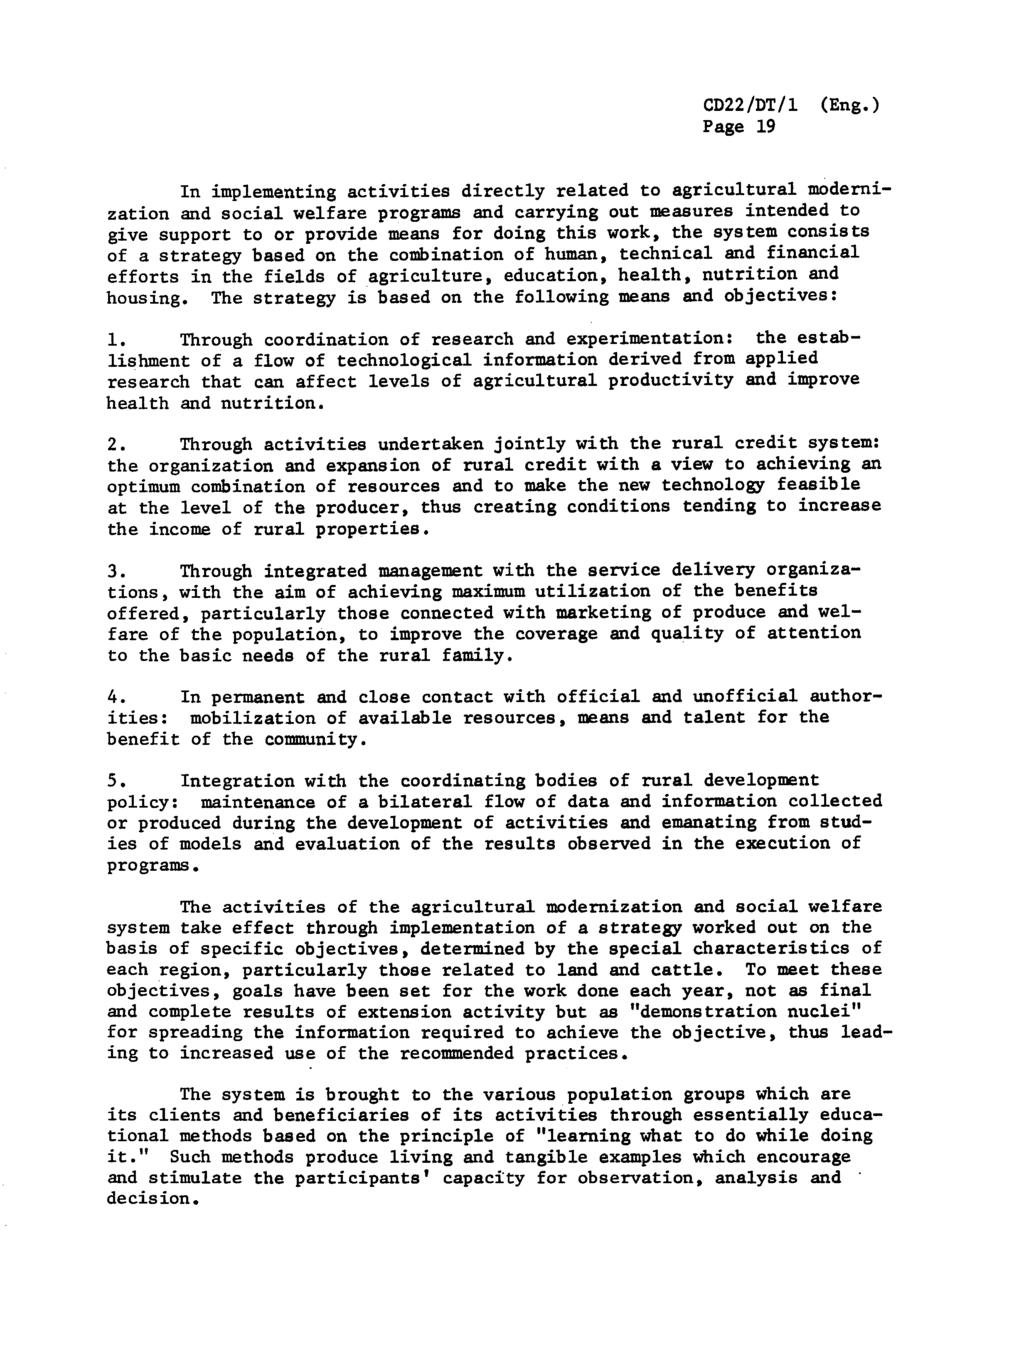 Page 19 In implementing activities directly related to agricultural modernization and social welfare programs and carrying out measures intended to give support to or provide means for doing this
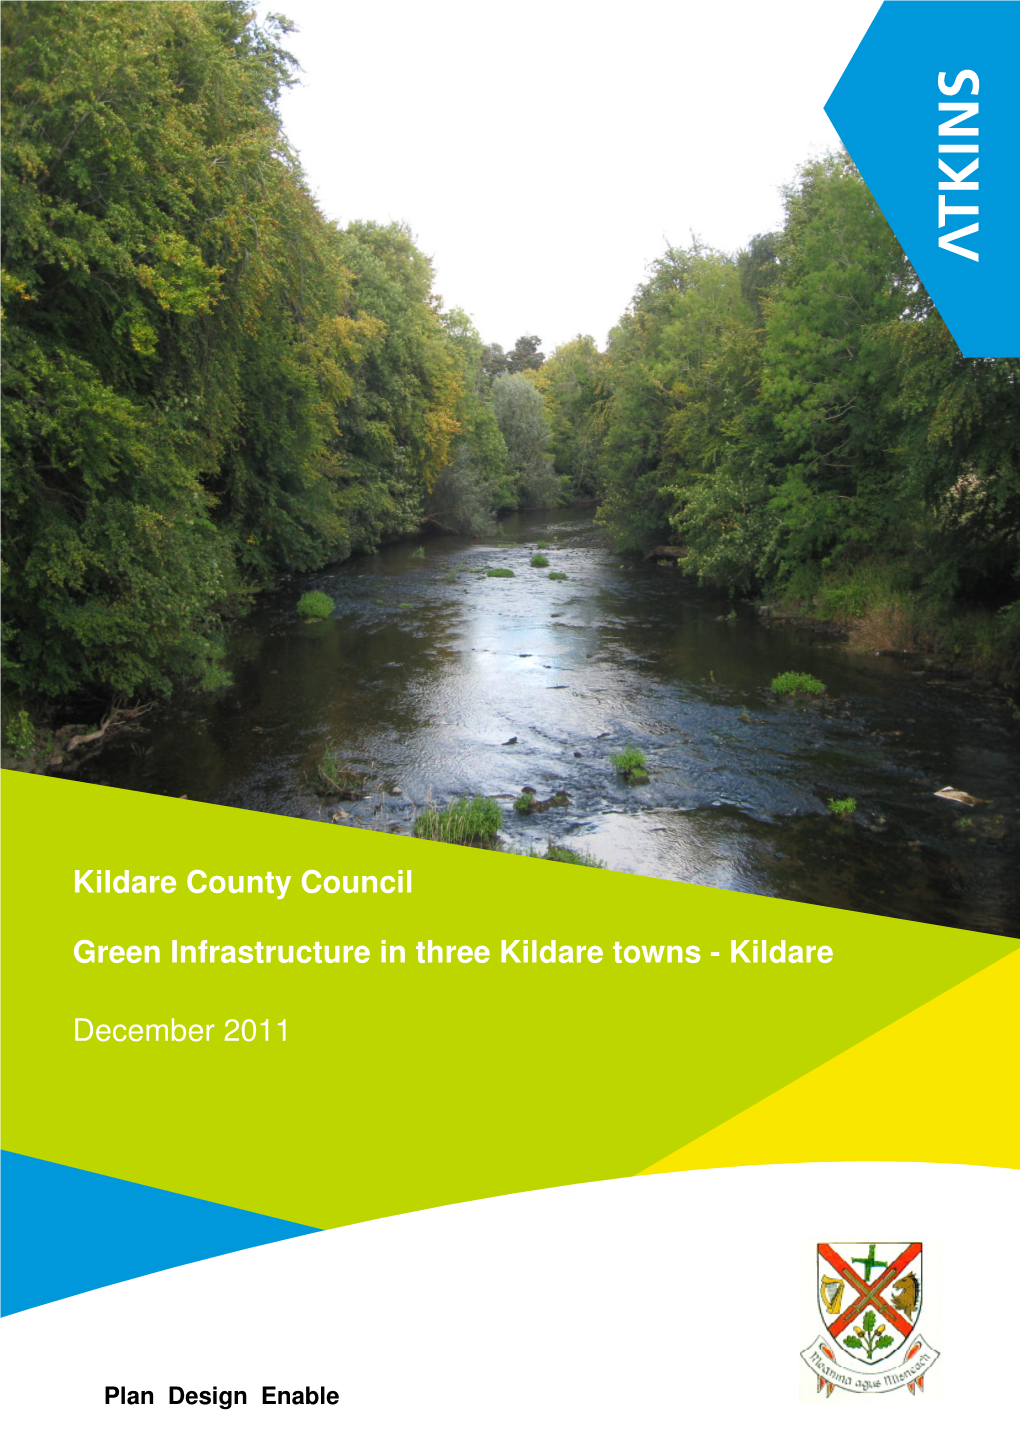 Kildare County Council Green Infrastructure in Three Kildare Towns
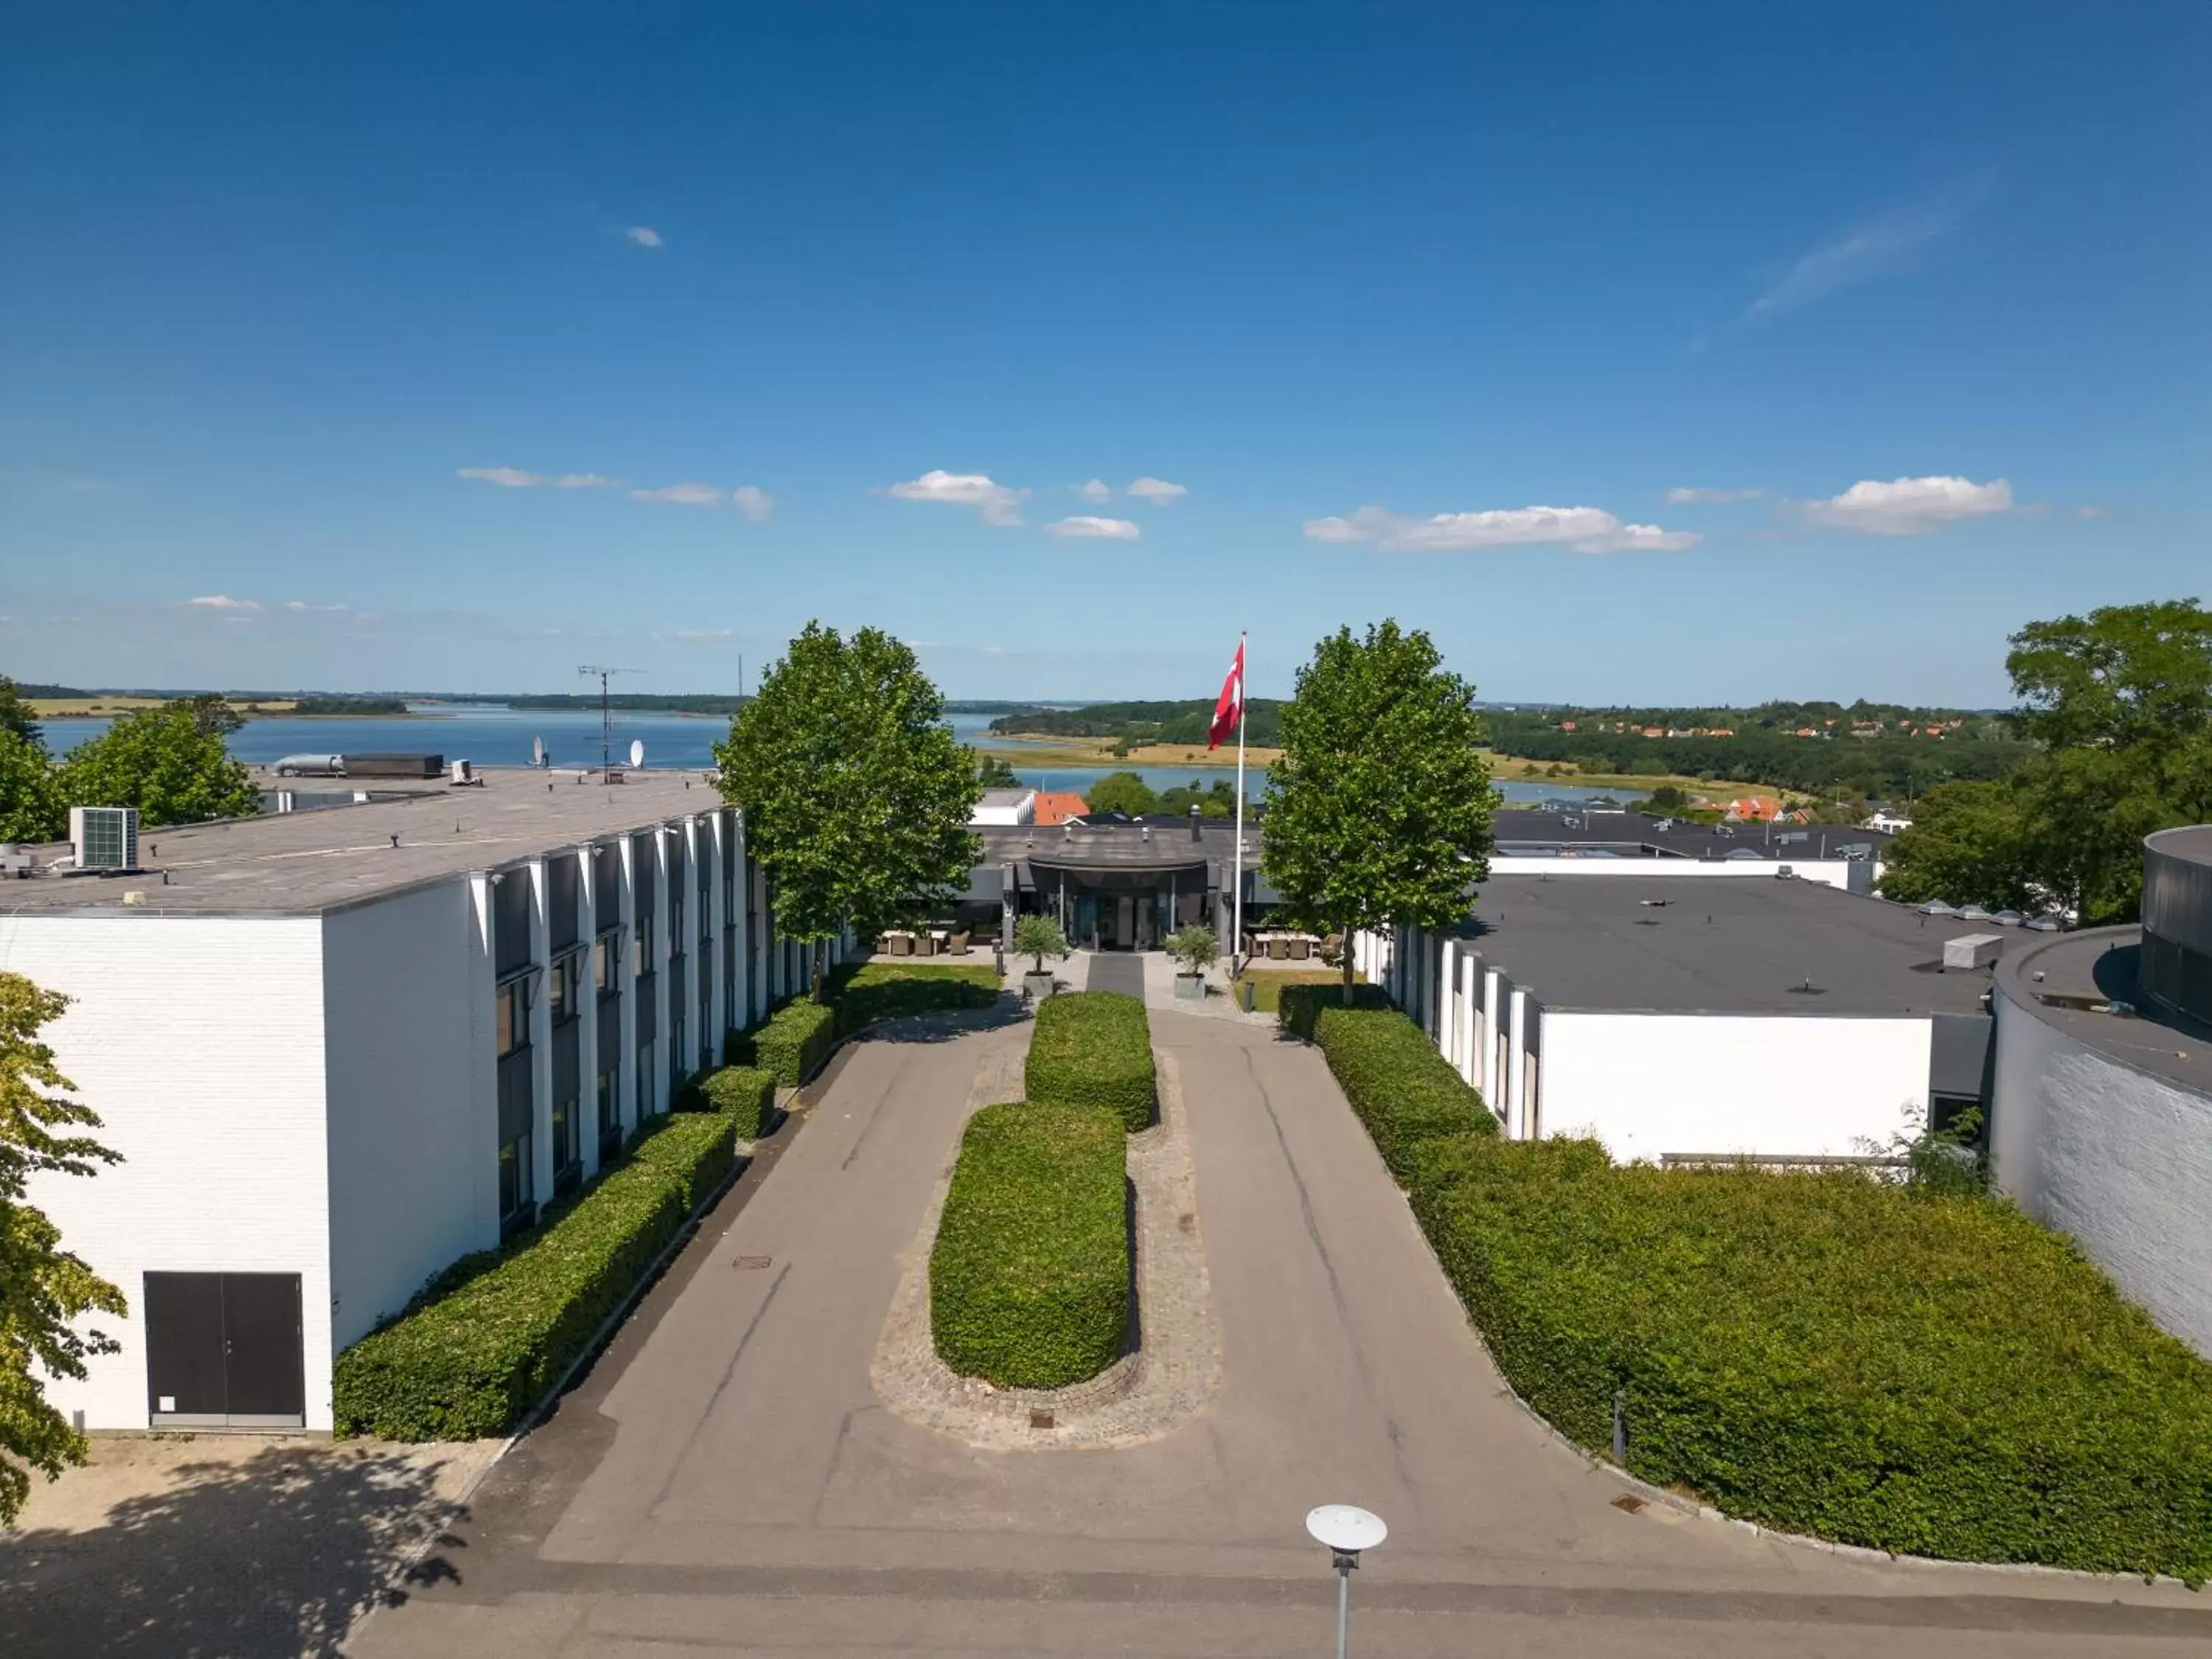 Property building in Comwell Roskilde

:::

Once more, give the listing above exactly, leaving each picture out.

### Exercise output
 Page 19 In implementing activities directly related to agricultural modernization and social welfare programs and carrying out measures intended to give support to or provide means for doing this
 Kildare County Council Green Infrastructure in Three Kildare Towns
 Property building in Comwell Roskilde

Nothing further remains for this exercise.